Content starts
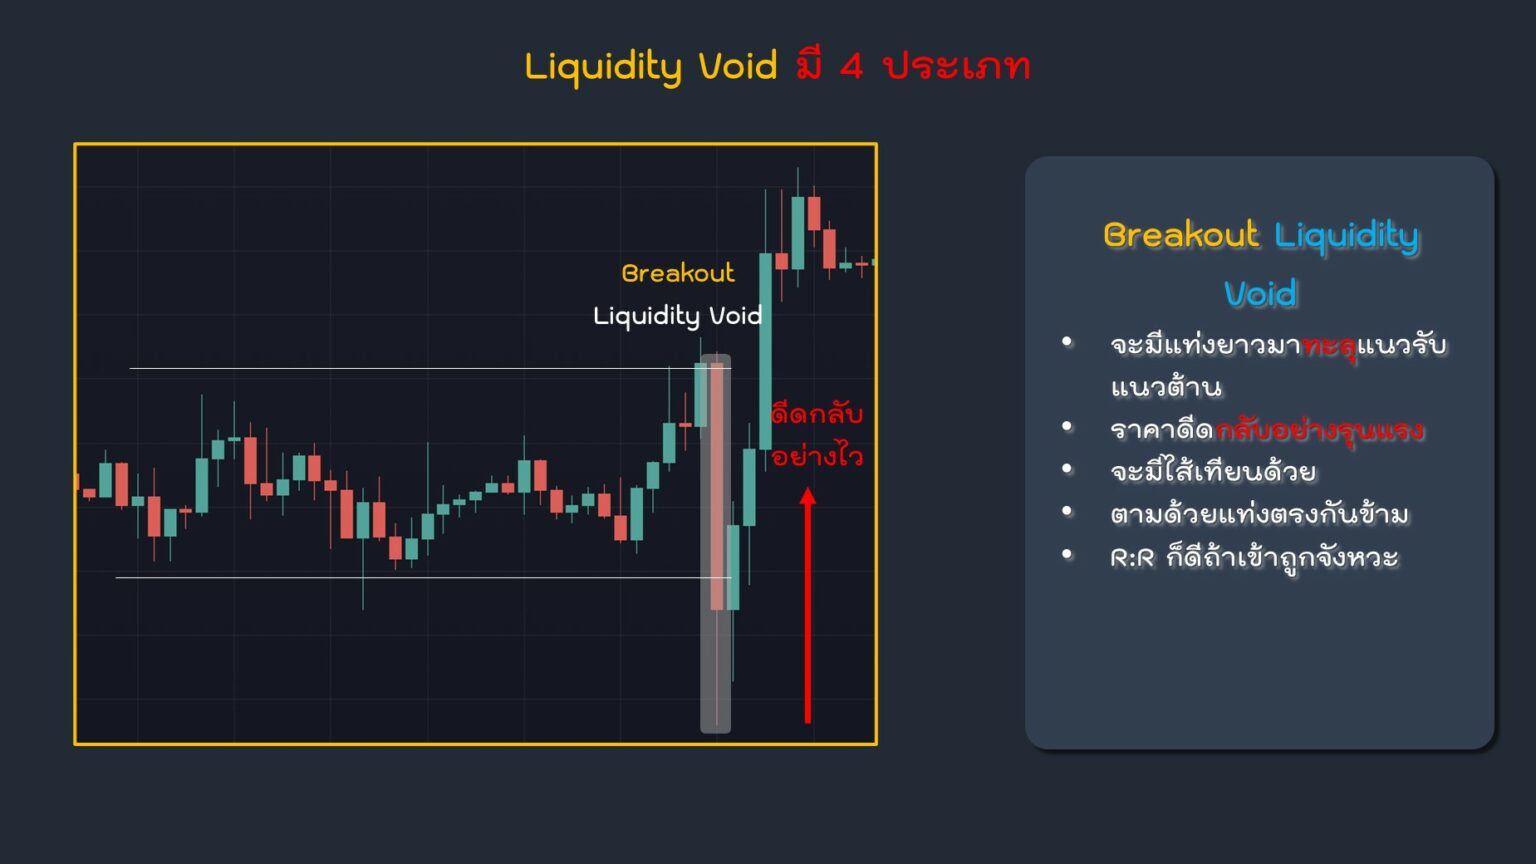 Liquidity Void ประเภท Breakout
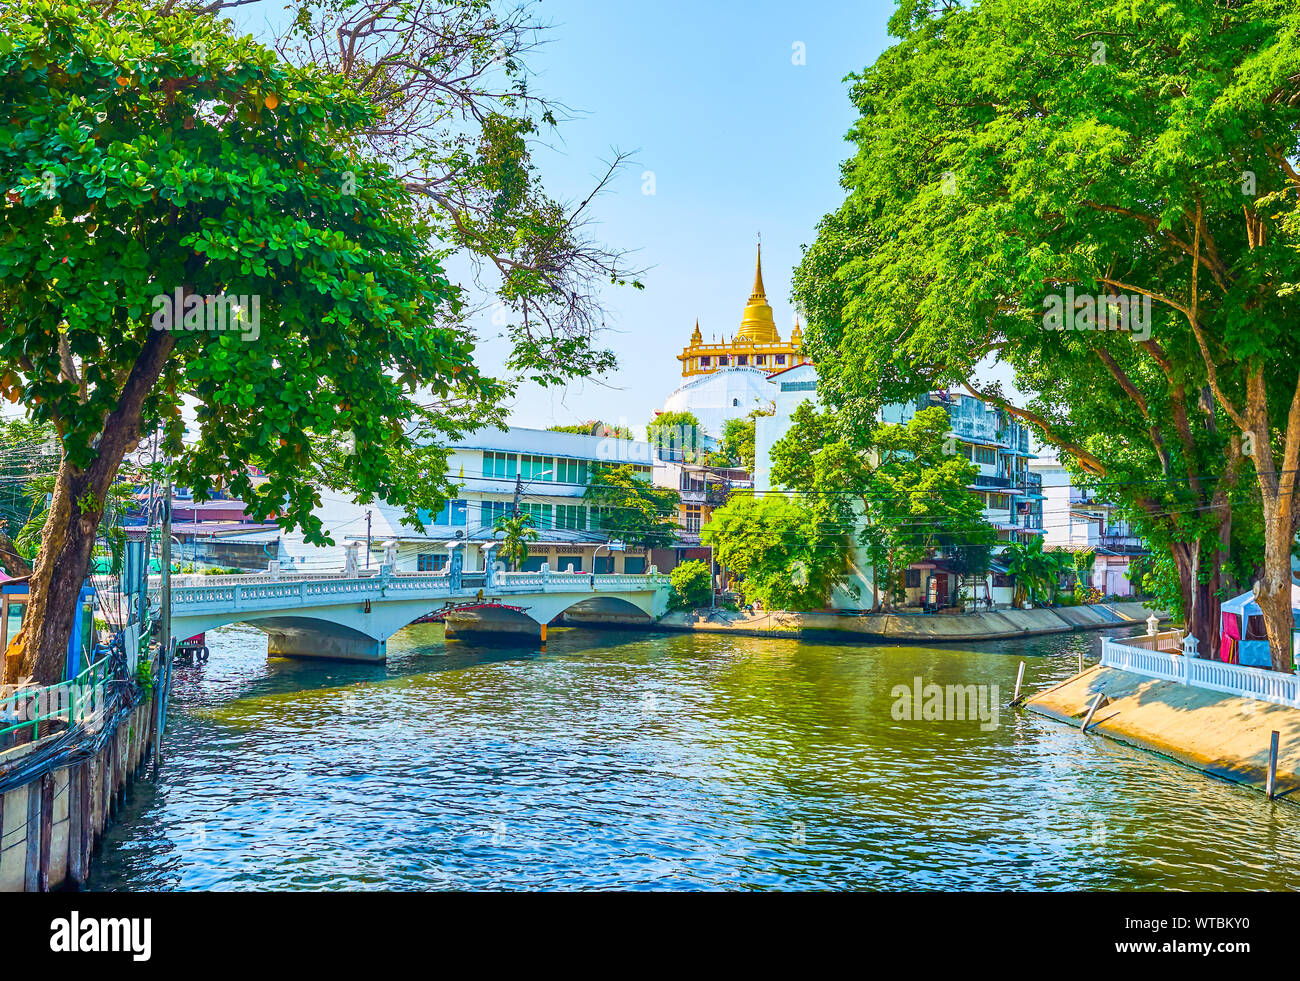 La belle vue sur la confluence de deux khlongs (canaux) dans quartier central et magnifique Golden Mount Temple sur l'arrière-plan, Bangkok, Thaïlande Banque D'Images
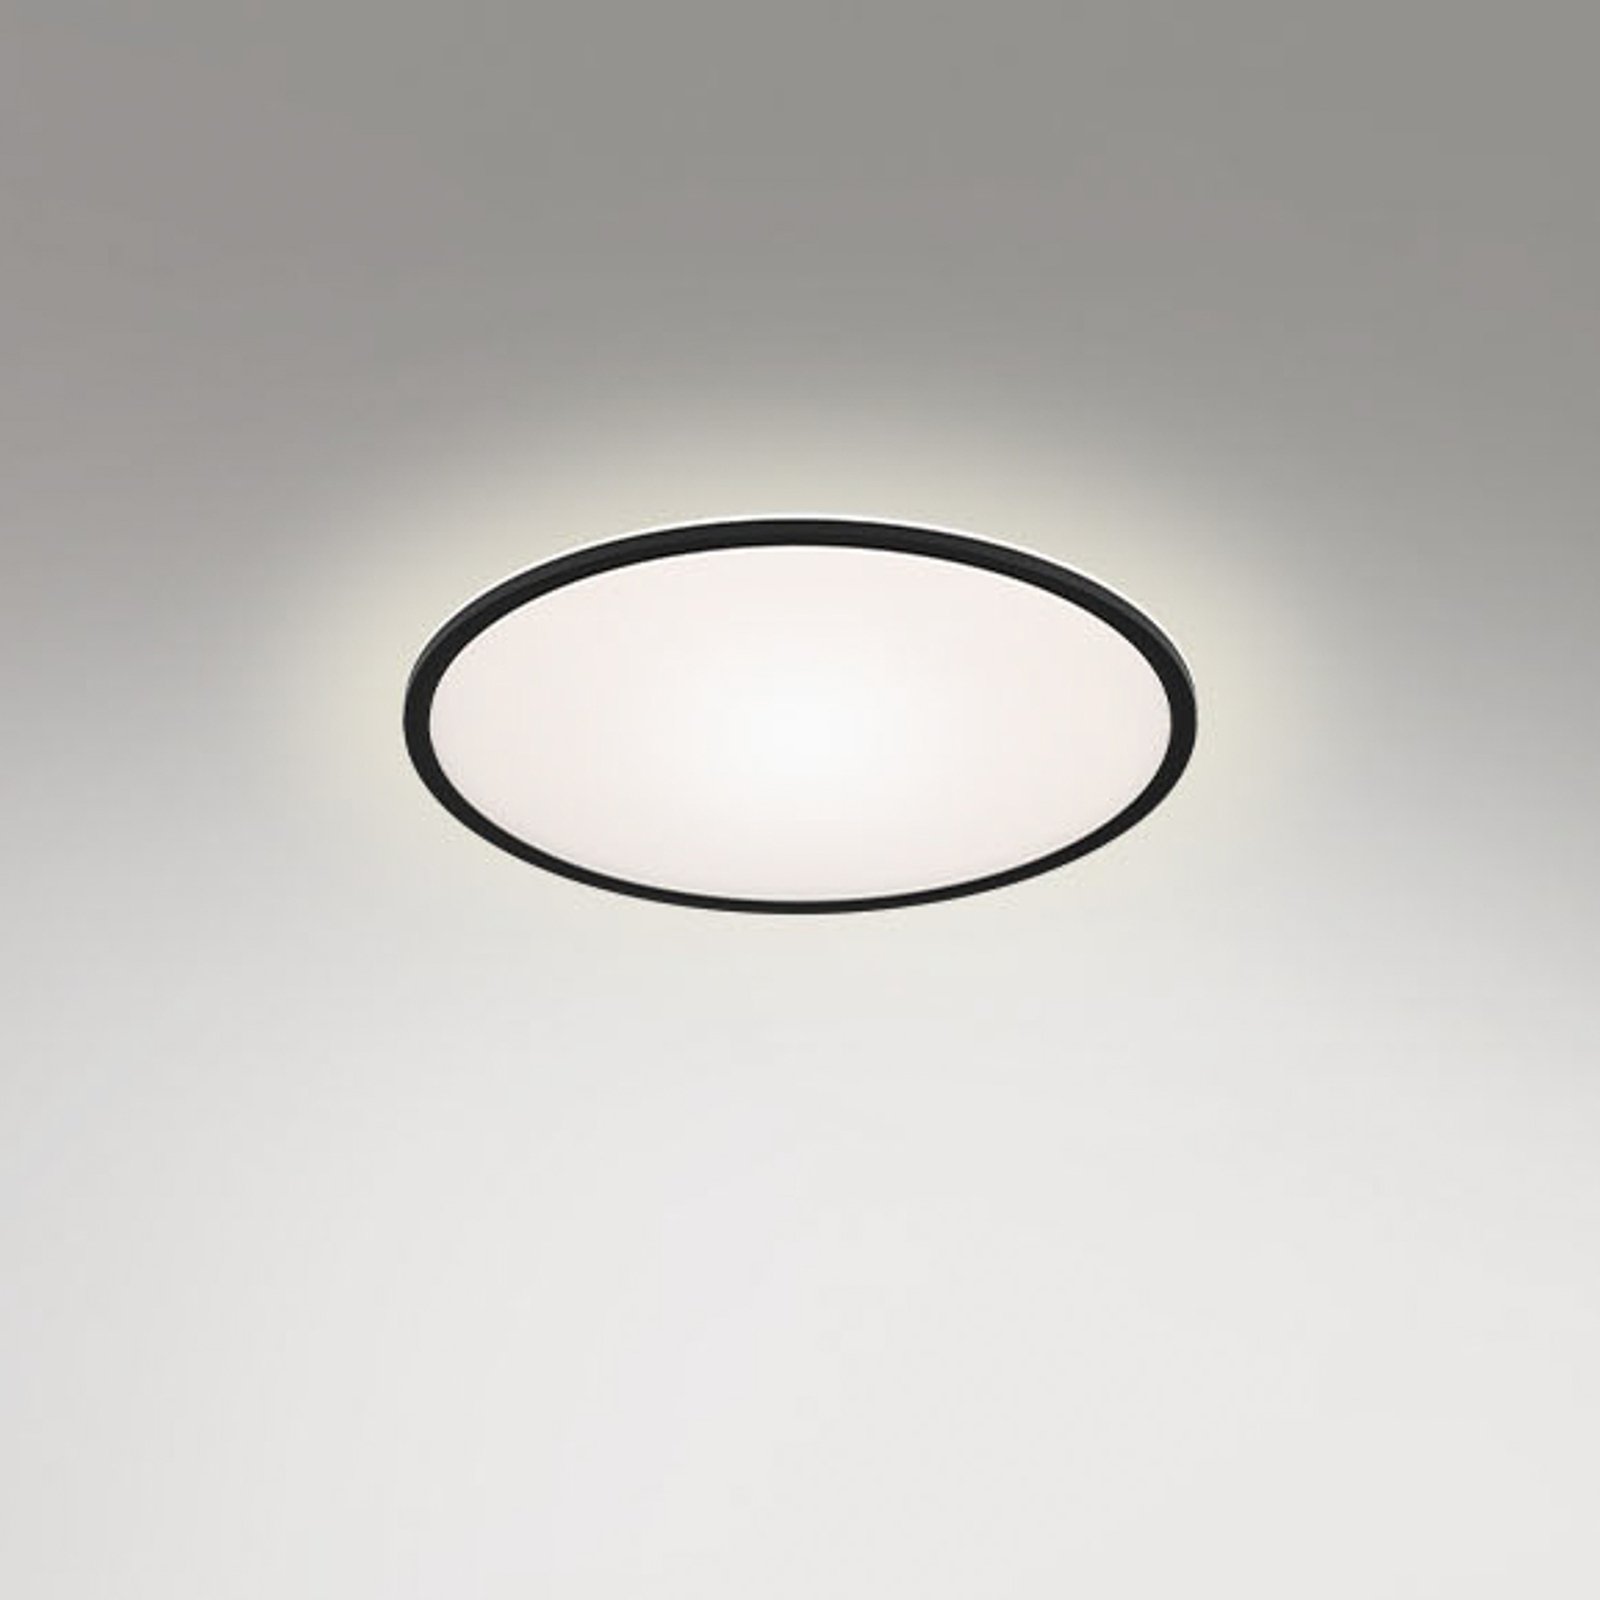 LED plafondlamp Runa met backlight, zwart
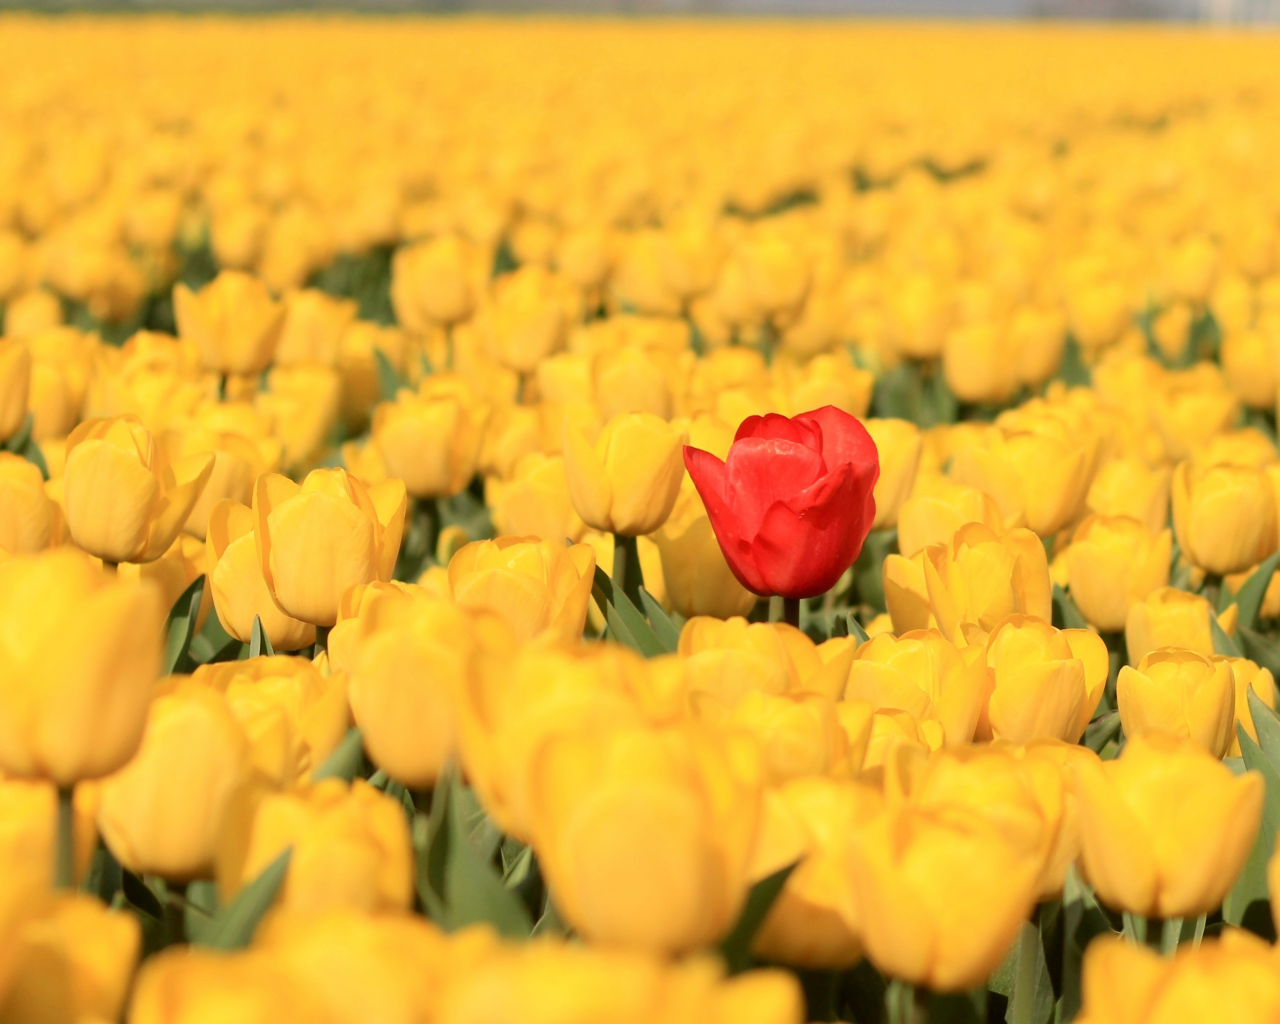 бутоны, тюльпаны, красный тюльпан, жёлтые тюльпаны, много, плантация
Content ends
[Task brief]
Working from the line that contains "LED plafondlamp Runa met backlight, zwart" to the last line of the listing, please quote each line exactly, pictures excluded.

[Answer section]
 LED plafondlamp Runa met backlight, zwart
 бутоны, тюльпаны, красный тюльпан, жёлтые тюльпаны, много, плантация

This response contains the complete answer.